_DATASET CONTENT:_
[Start of Attachment]

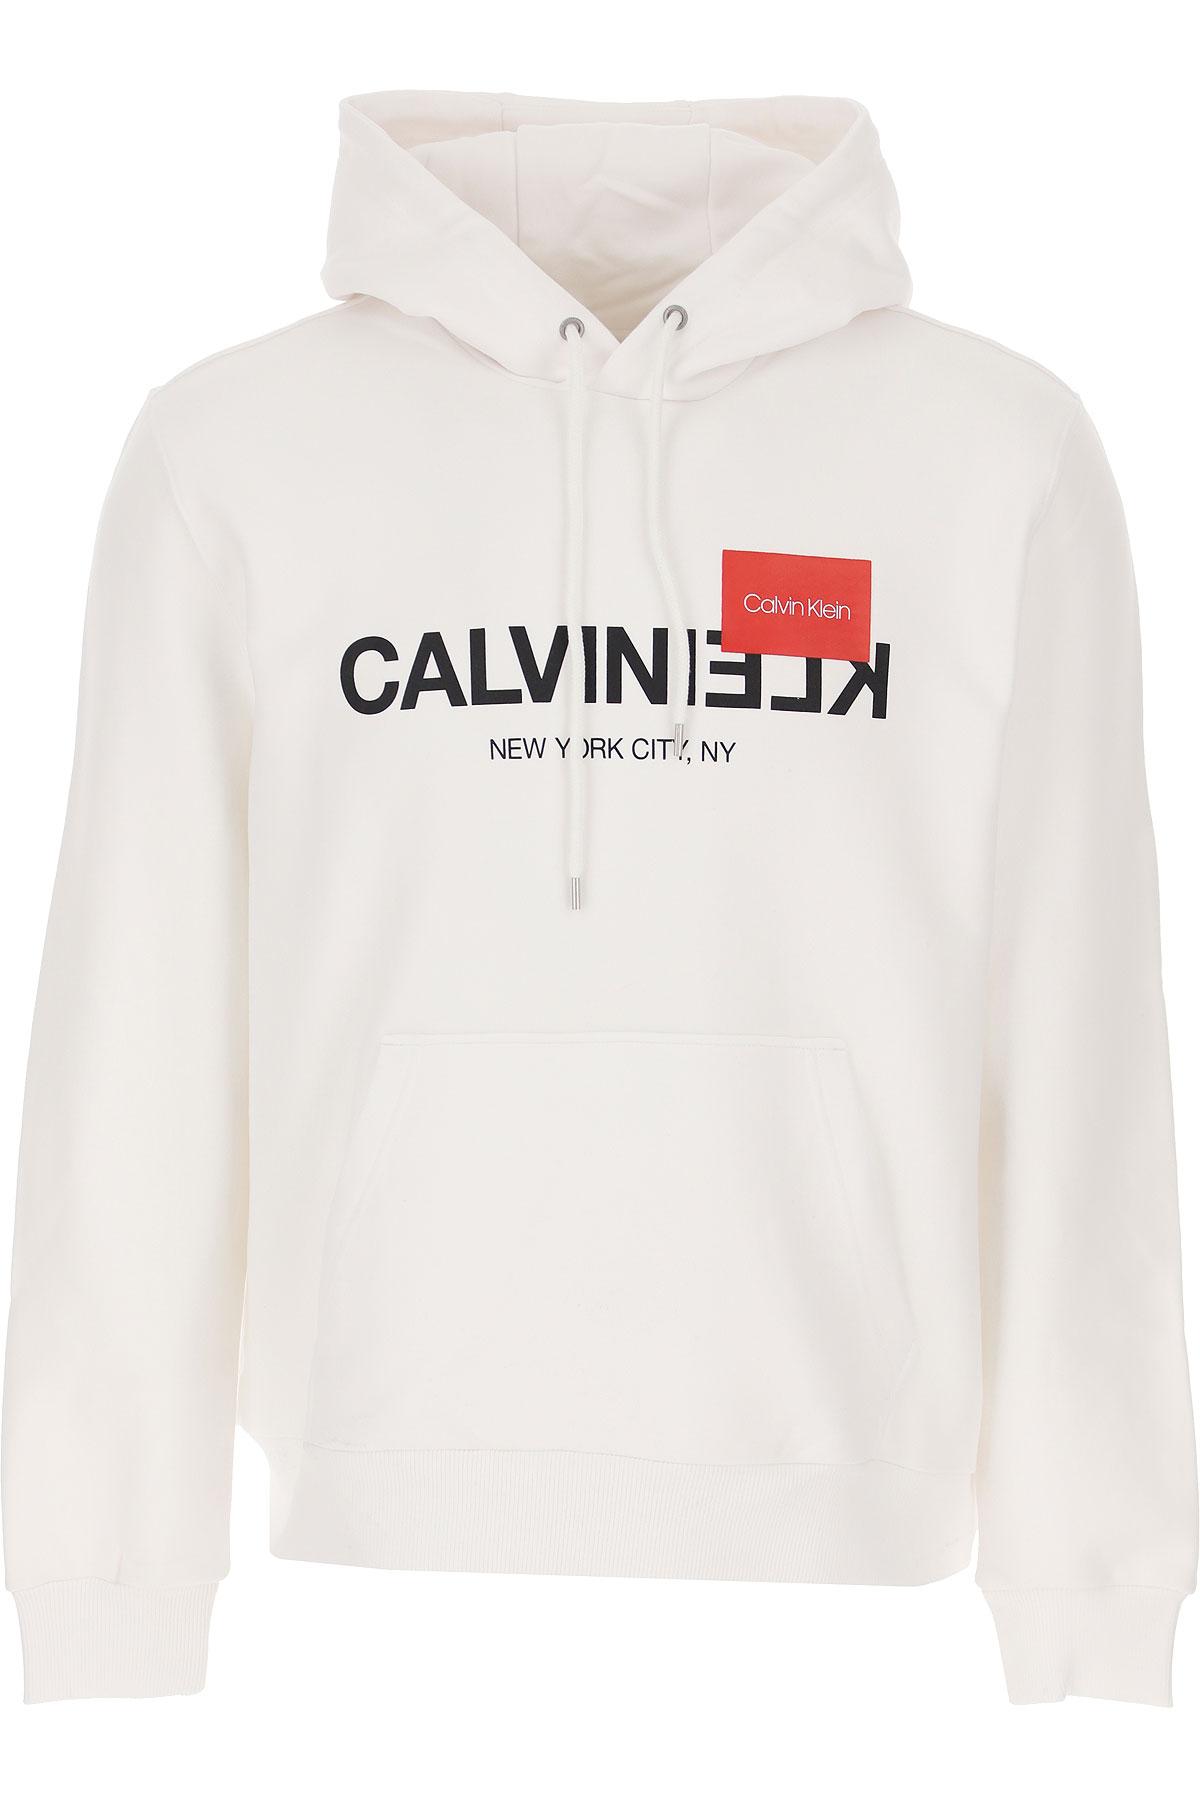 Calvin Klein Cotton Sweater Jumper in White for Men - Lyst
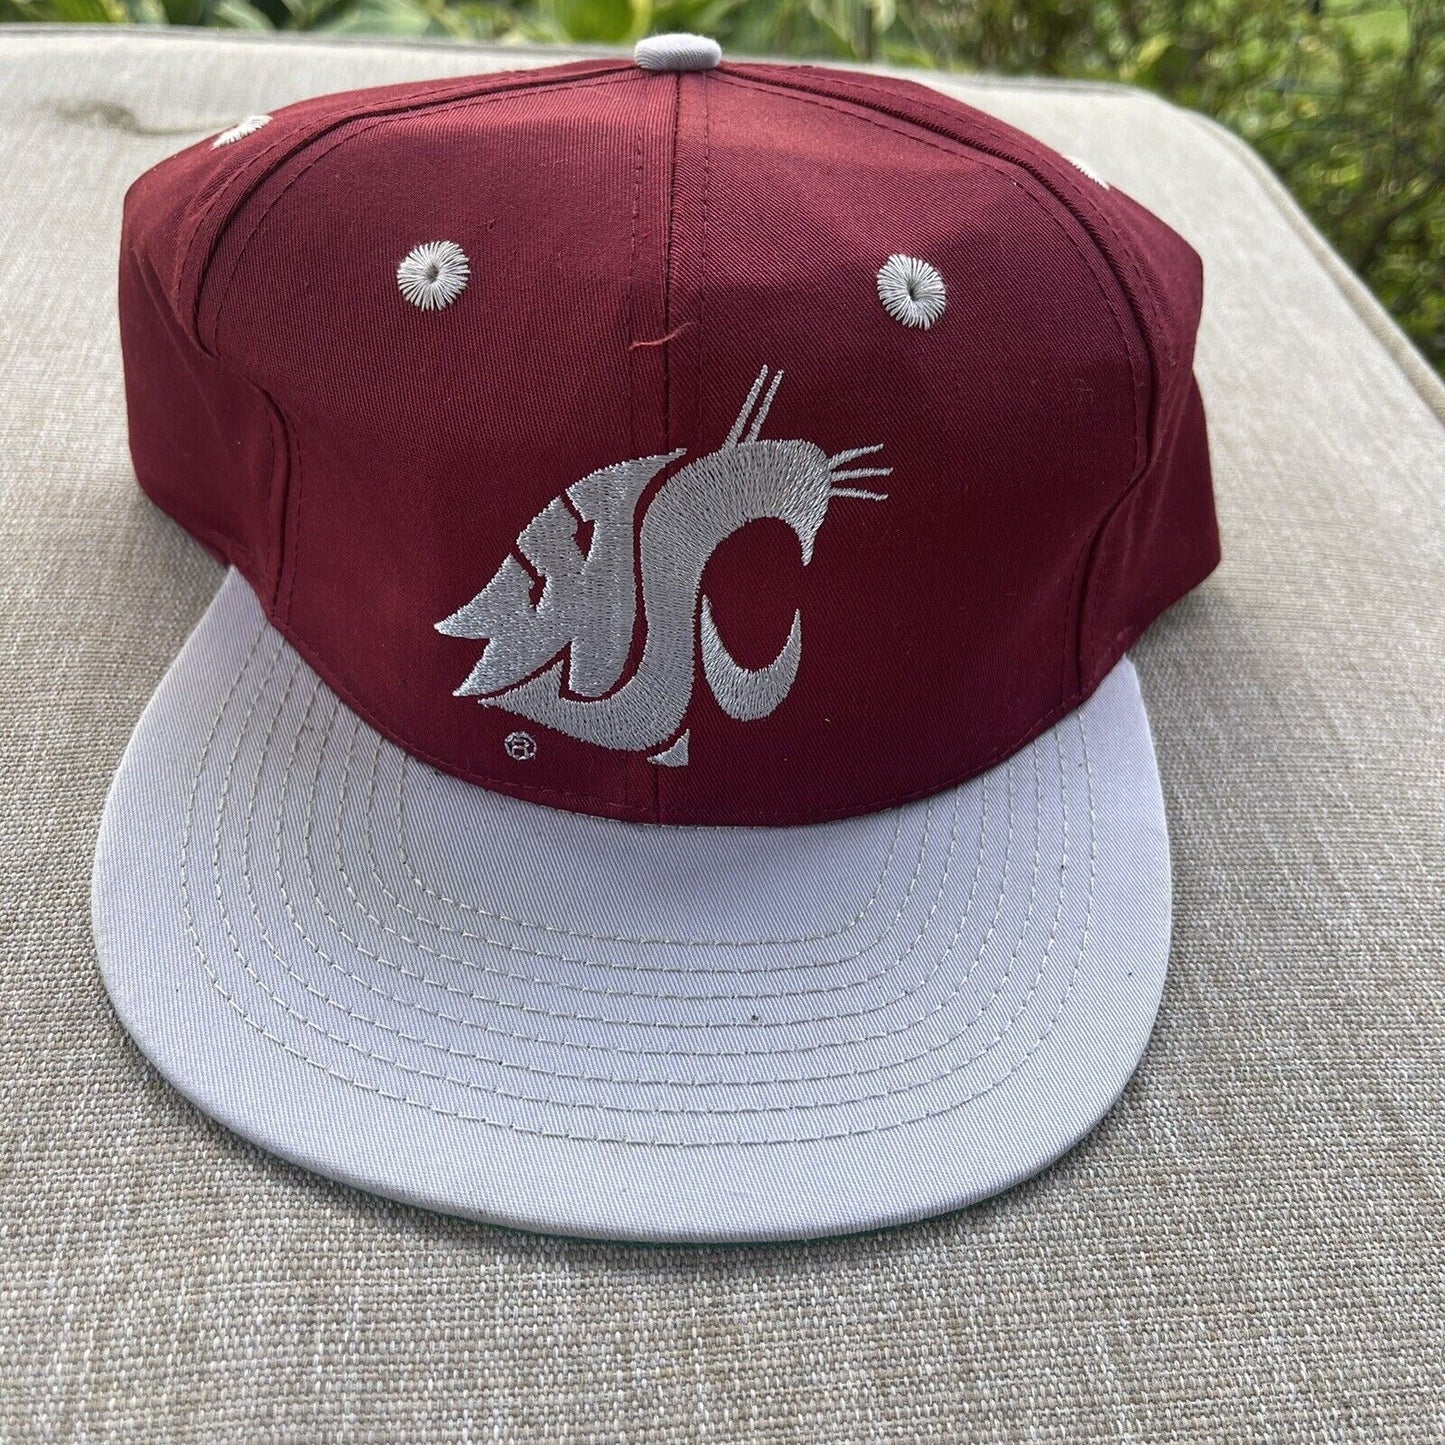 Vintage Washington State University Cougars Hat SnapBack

[End of Attachment]
[Start of Attachment]

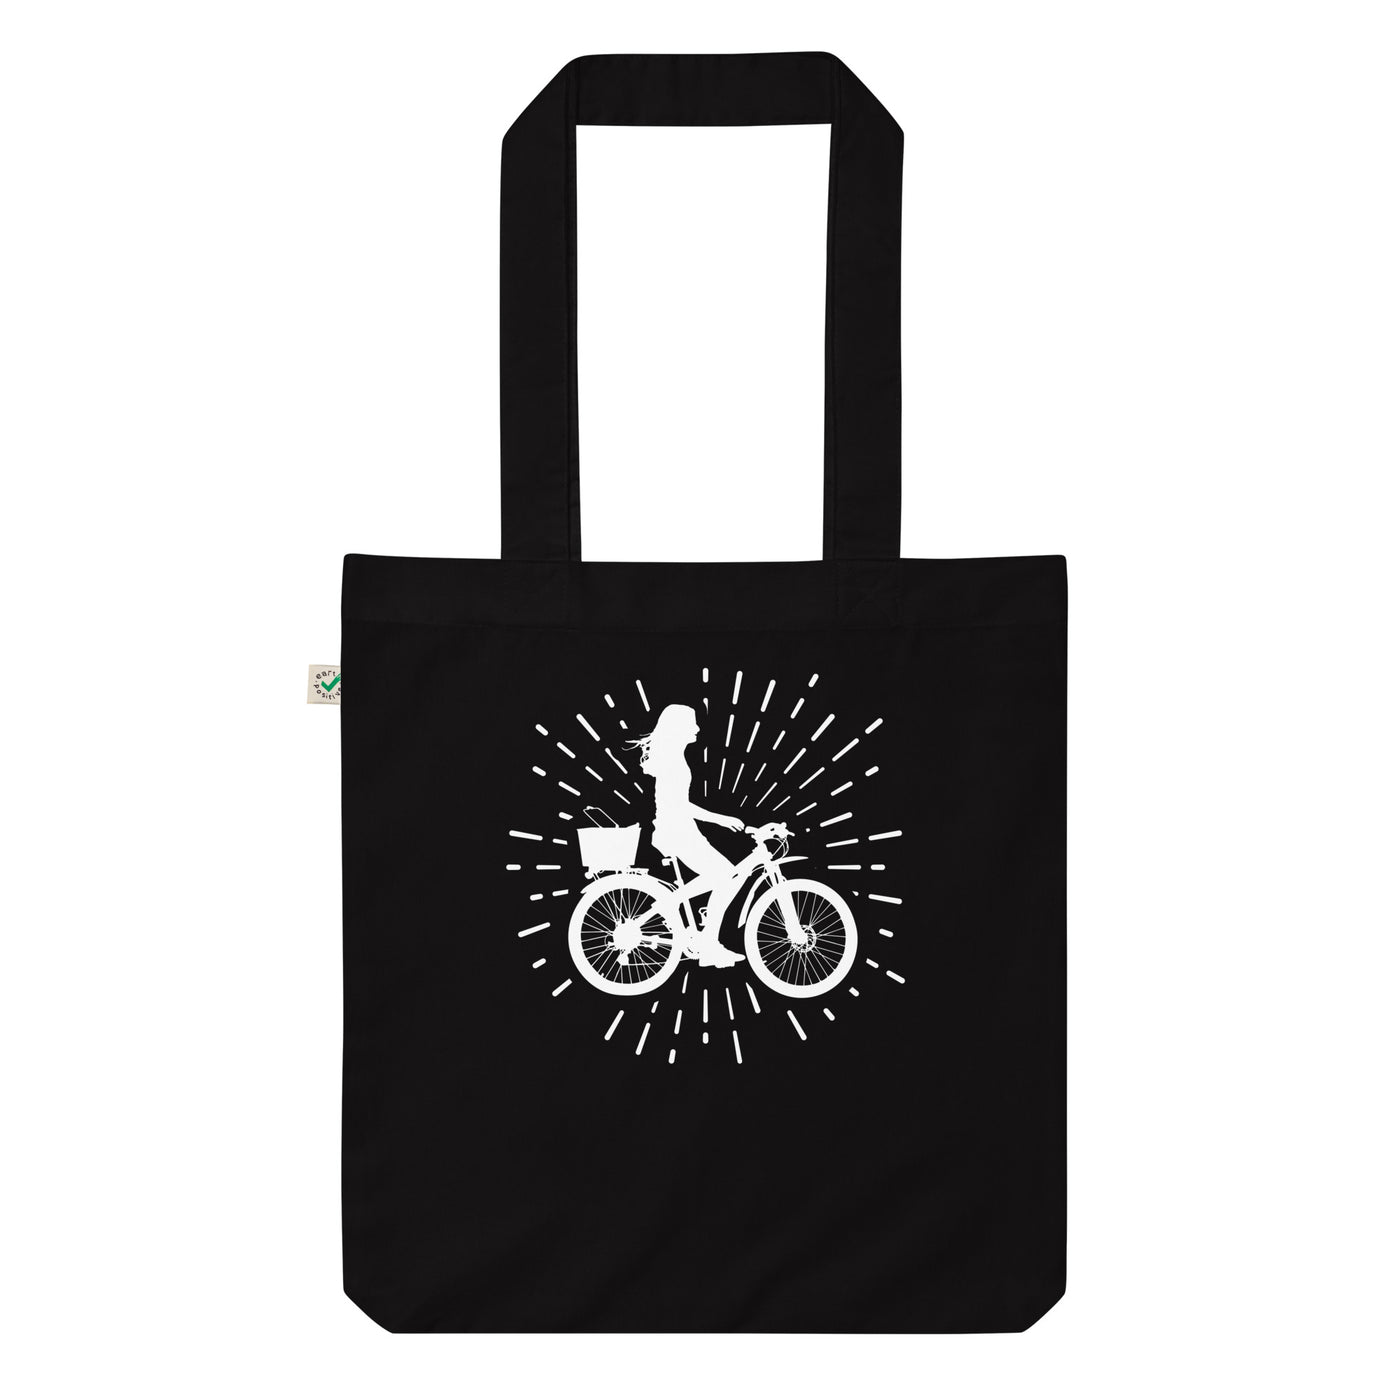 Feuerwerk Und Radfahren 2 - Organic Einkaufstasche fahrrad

[End of Attachment]

_HOW TO COMPLETE THIS TASK:_ Return exactly the stretch above whose first line contains "Calvin Klein Cotton" and whose last line contains "Vintage Washington State", and nothing outside it. The pictures should not appear.

_ANSWER BOX:_
 Calvin Klein Cotton Sweater Jumper in White for Men - Lyst
 Vintage Washington State University Cougars Hat SnapBack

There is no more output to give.